• _ACTION ITEM_: The whole listing is to be written out again exactly; the pictures are not.

• _GIVEN MATERIAL_:
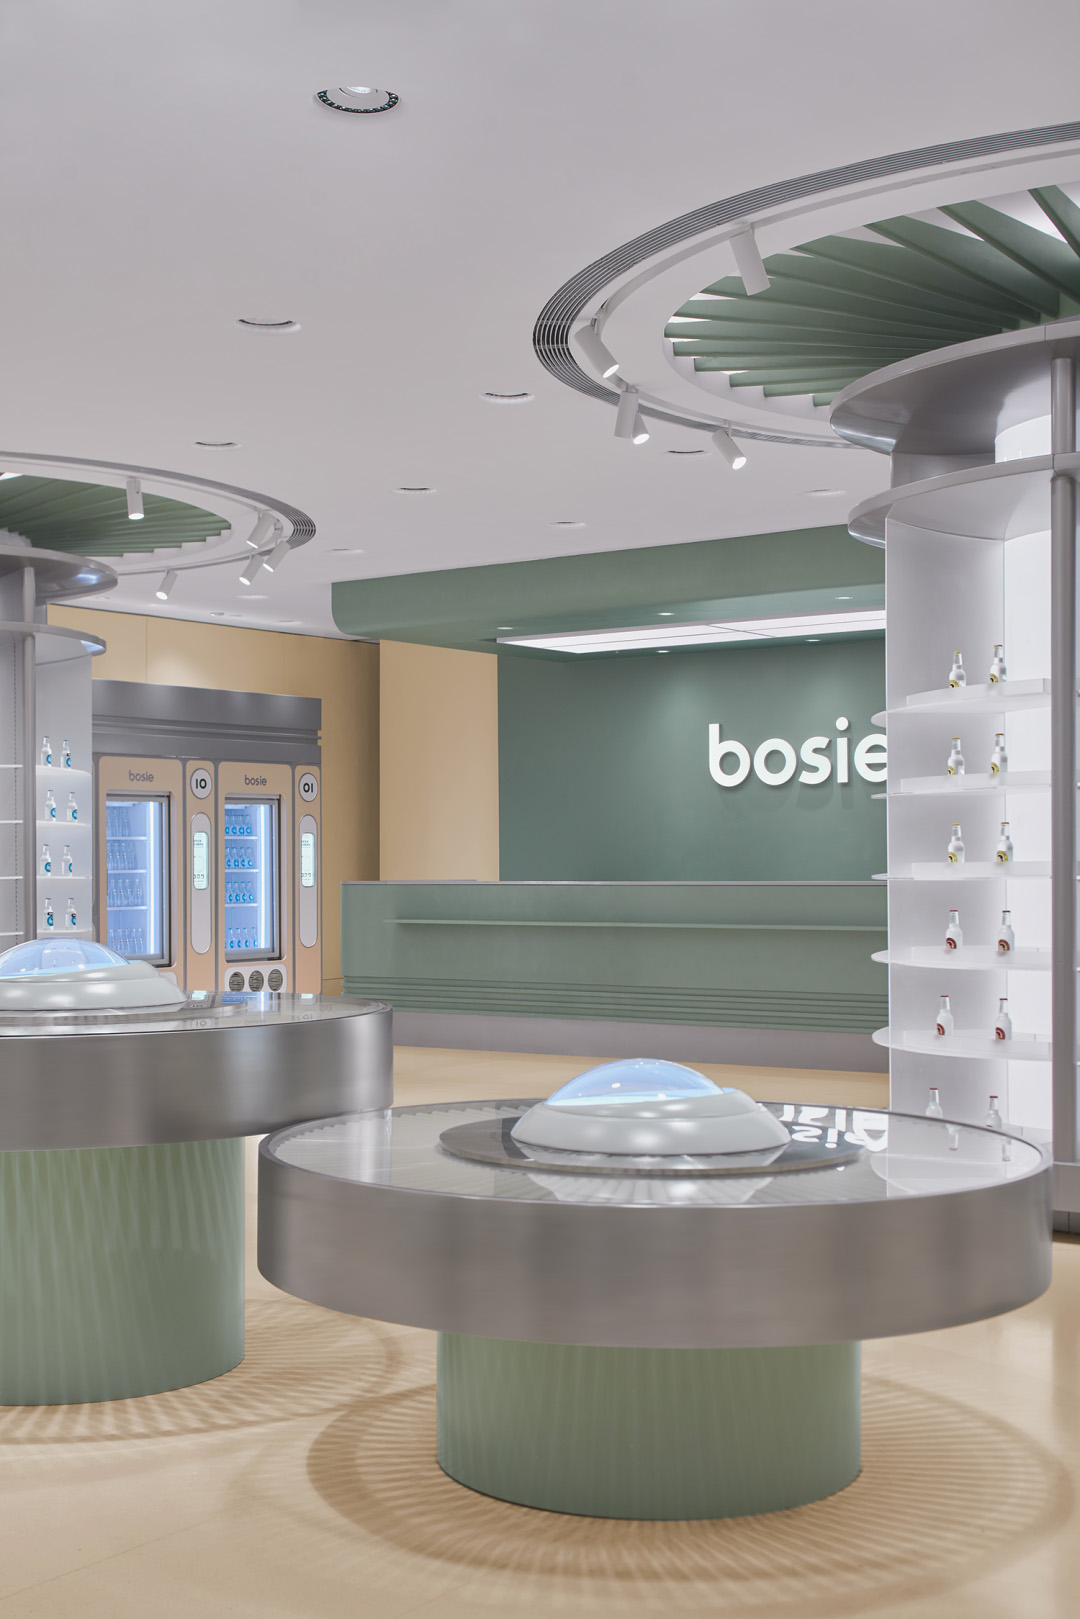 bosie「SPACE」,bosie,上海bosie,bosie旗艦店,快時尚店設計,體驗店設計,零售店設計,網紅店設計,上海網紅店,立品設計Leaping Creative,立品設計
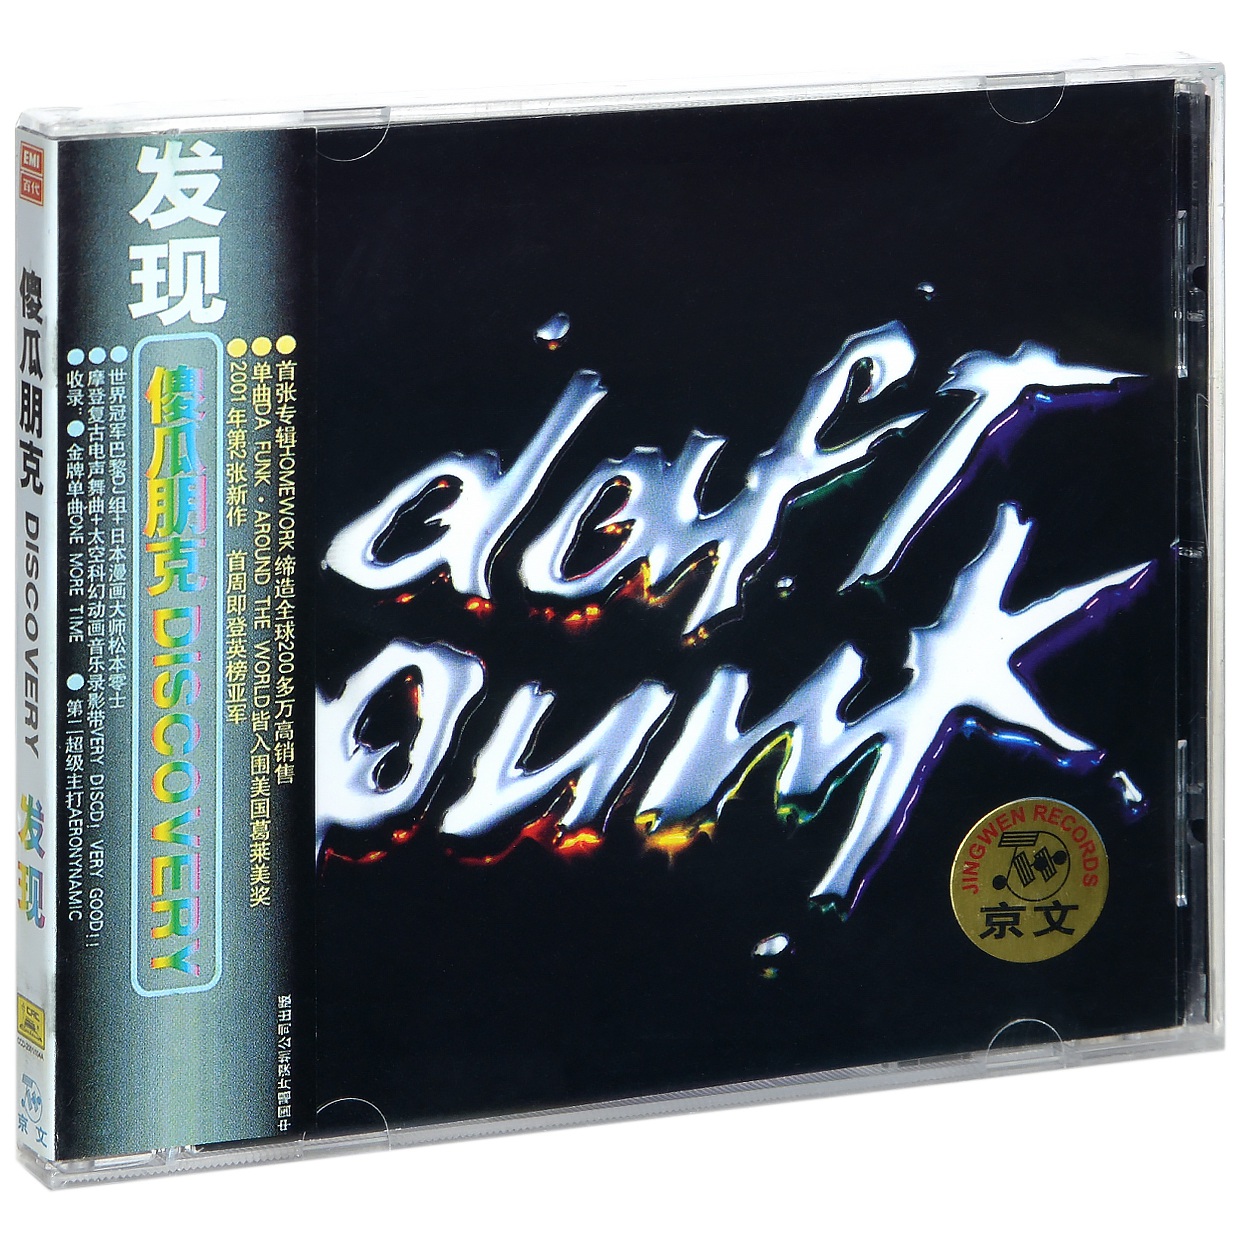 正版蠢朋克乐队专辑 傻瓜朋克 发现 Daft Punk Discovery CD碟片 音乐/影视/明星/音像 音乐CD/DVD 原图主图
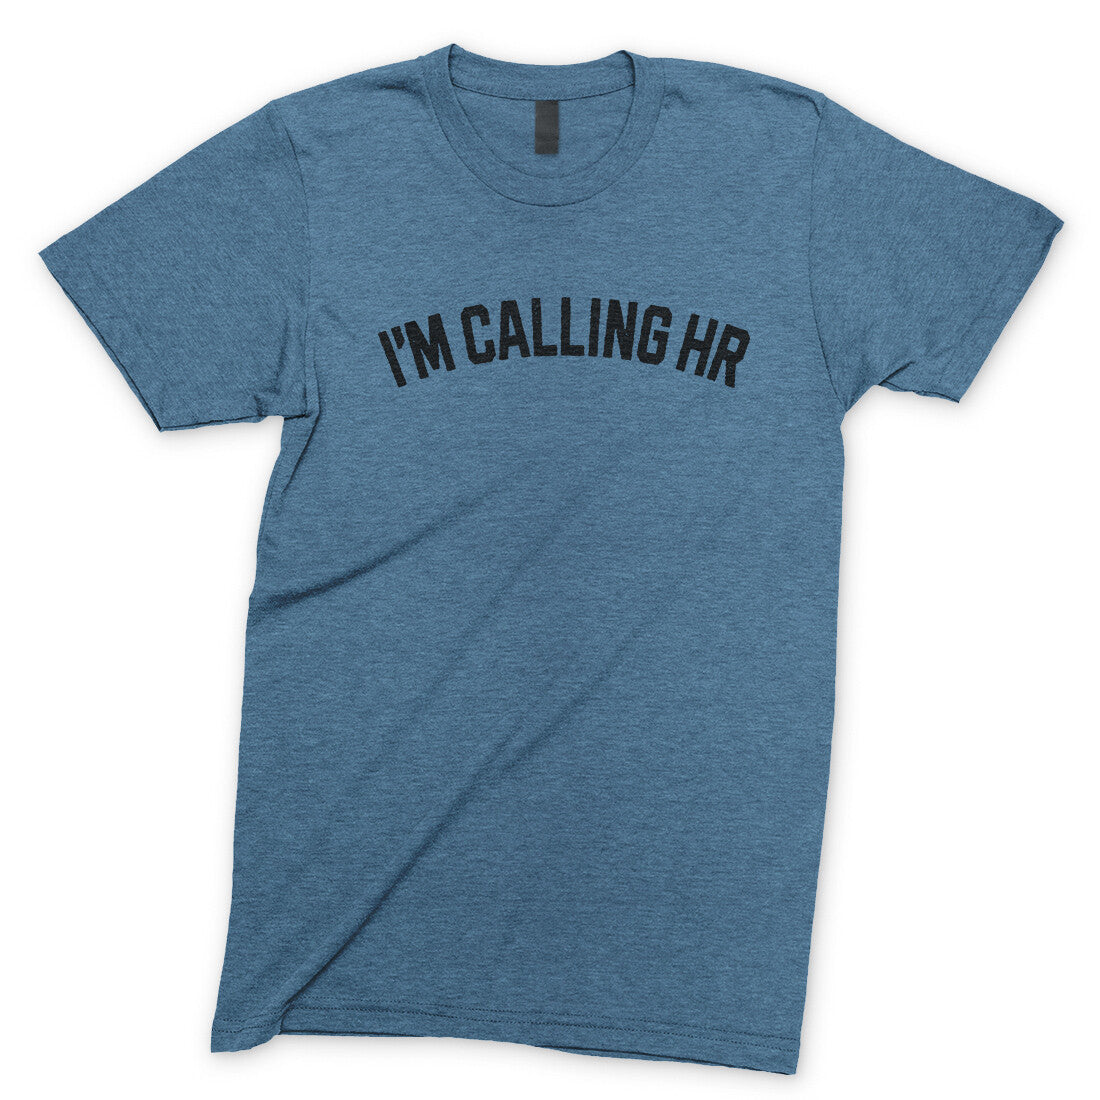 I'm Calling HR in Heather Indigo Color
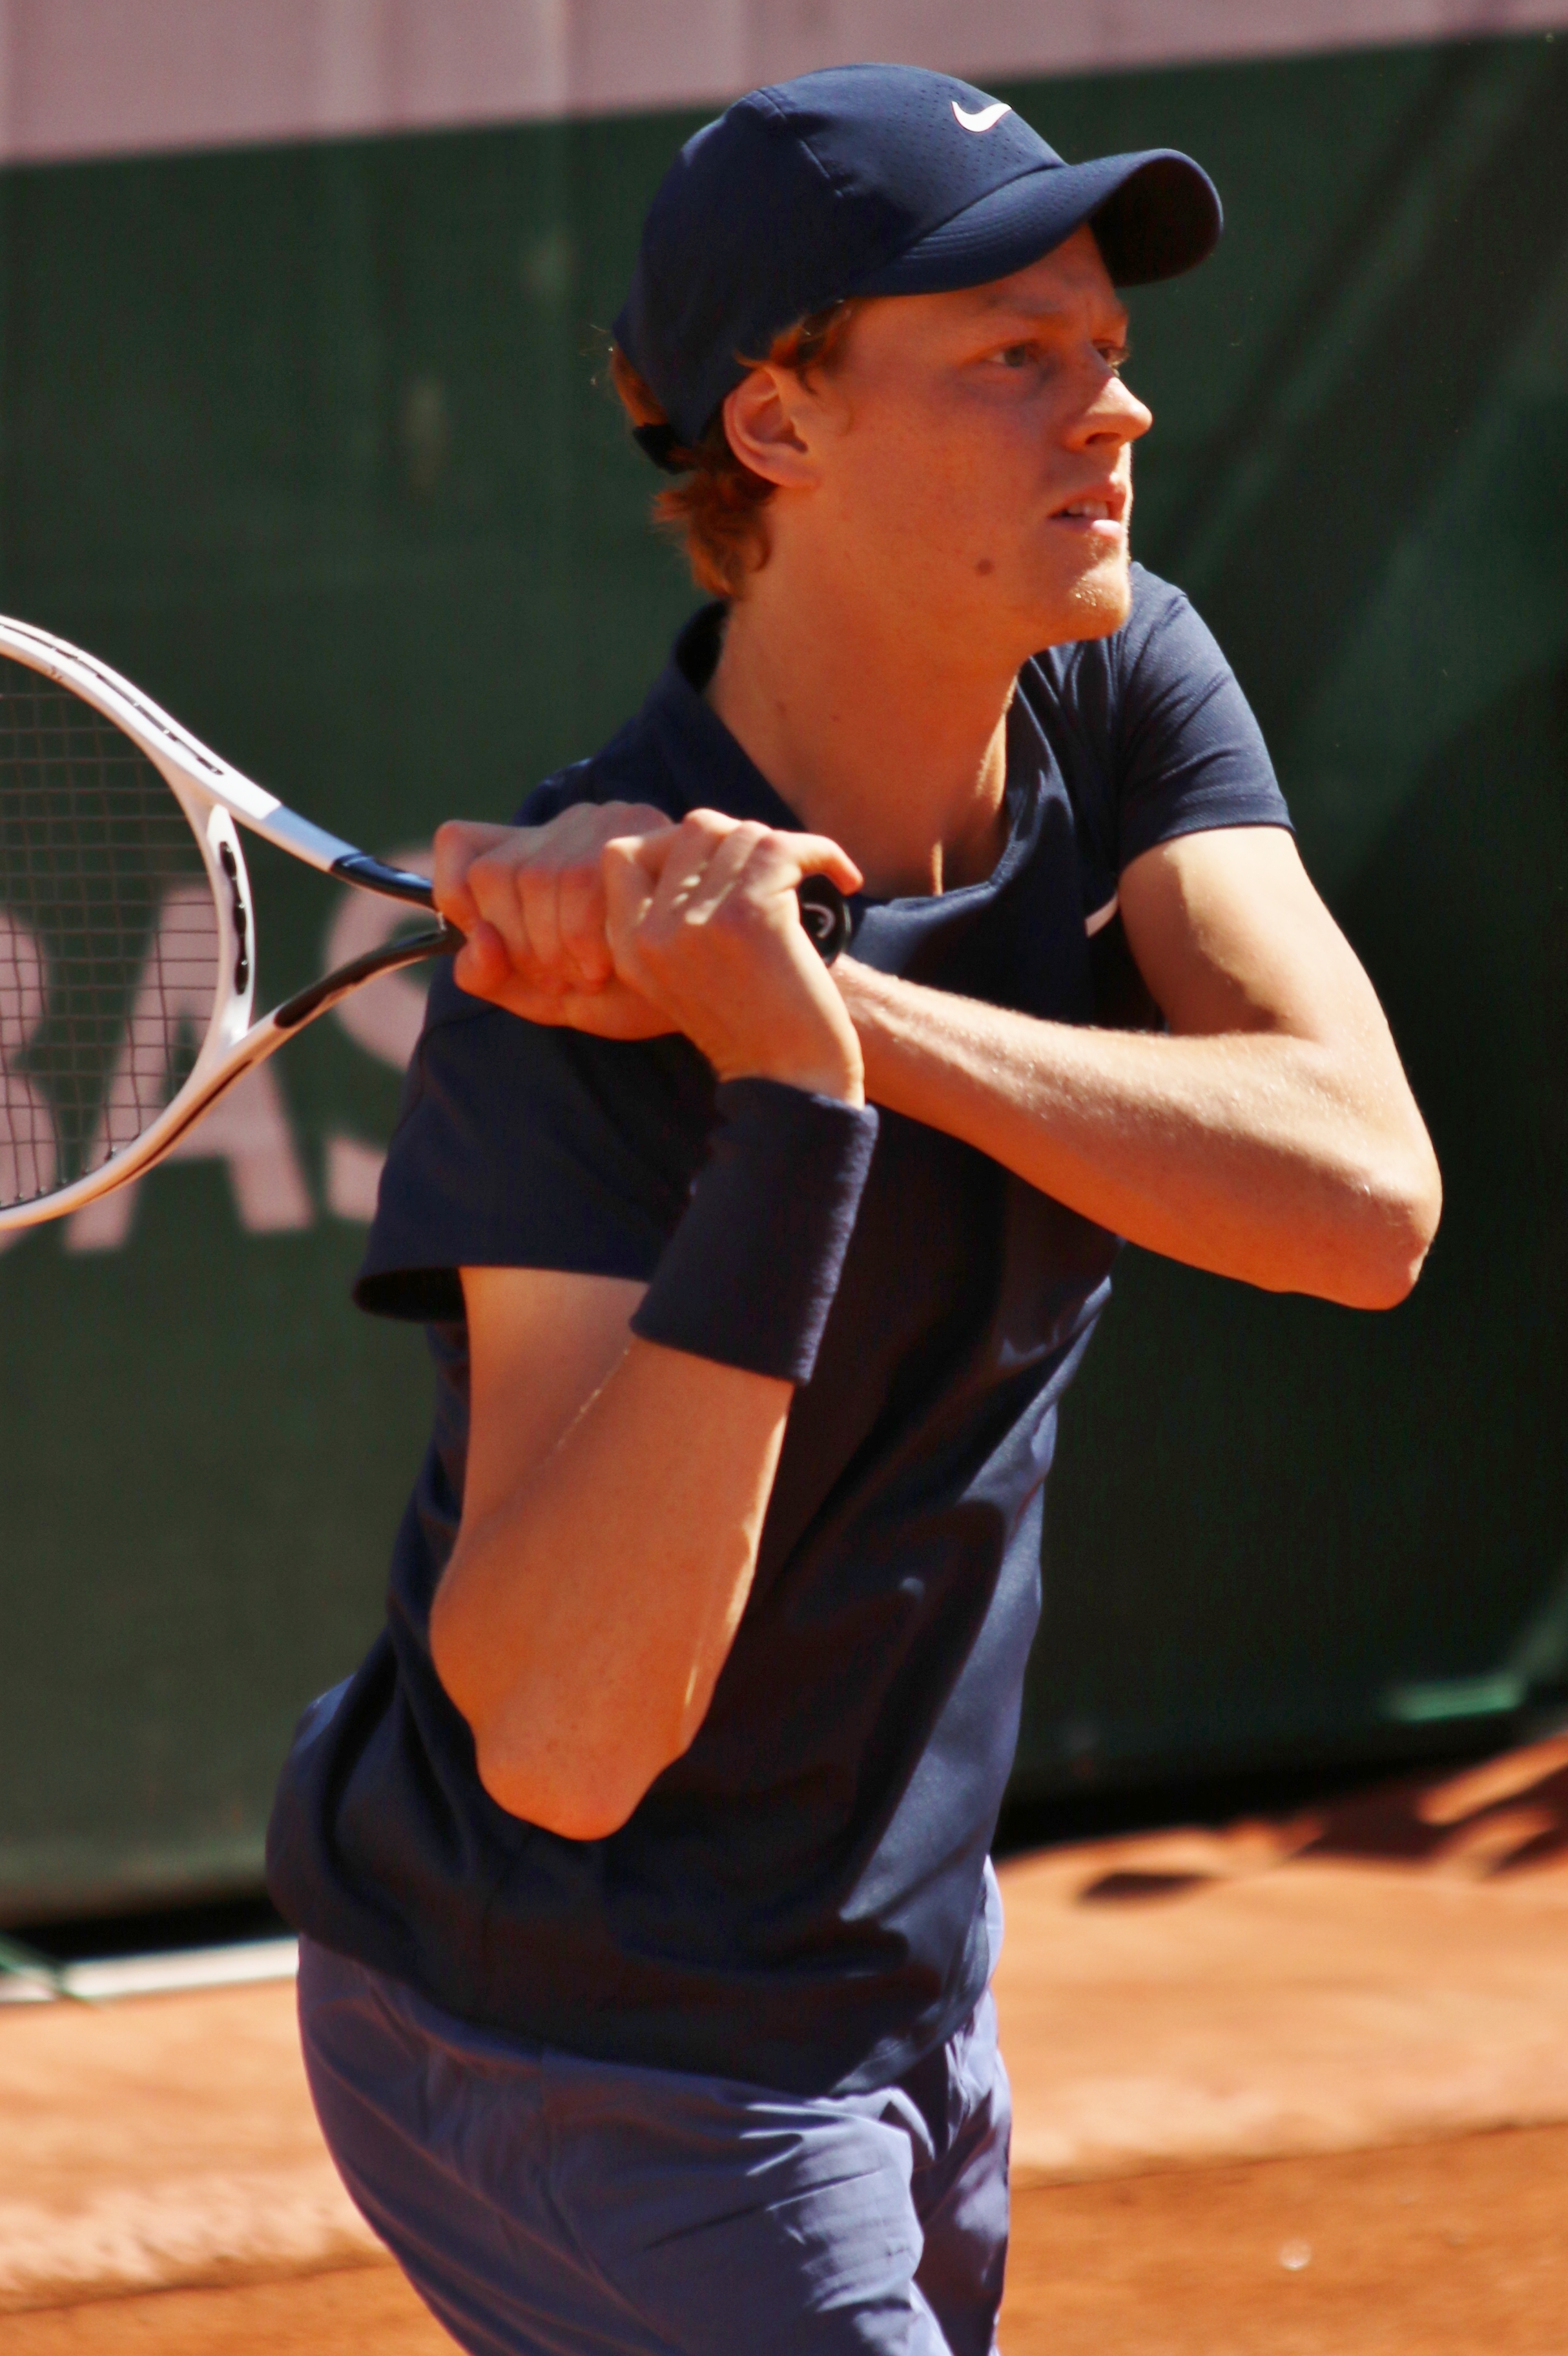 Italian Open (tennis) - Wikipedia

• _RESPONSE_:
 bosie「SPACE」,bosie,上海bosie,bosie旗艦店,快時尚店設計,體驗店設計,零售店設計,網紅店設計,上海網紅店,立品設計Leaping Creative,立品設計
 正版蠢朋克乐队专辑 傻瓜朋克 发现 Daft Punk Discovery CD碟片 音乐/影视/明星/音像 音乐CD/DVD 原图主图
 I'm Calling HR in Heather Indigo Color
 Italian Open (tennis) - Wikipedia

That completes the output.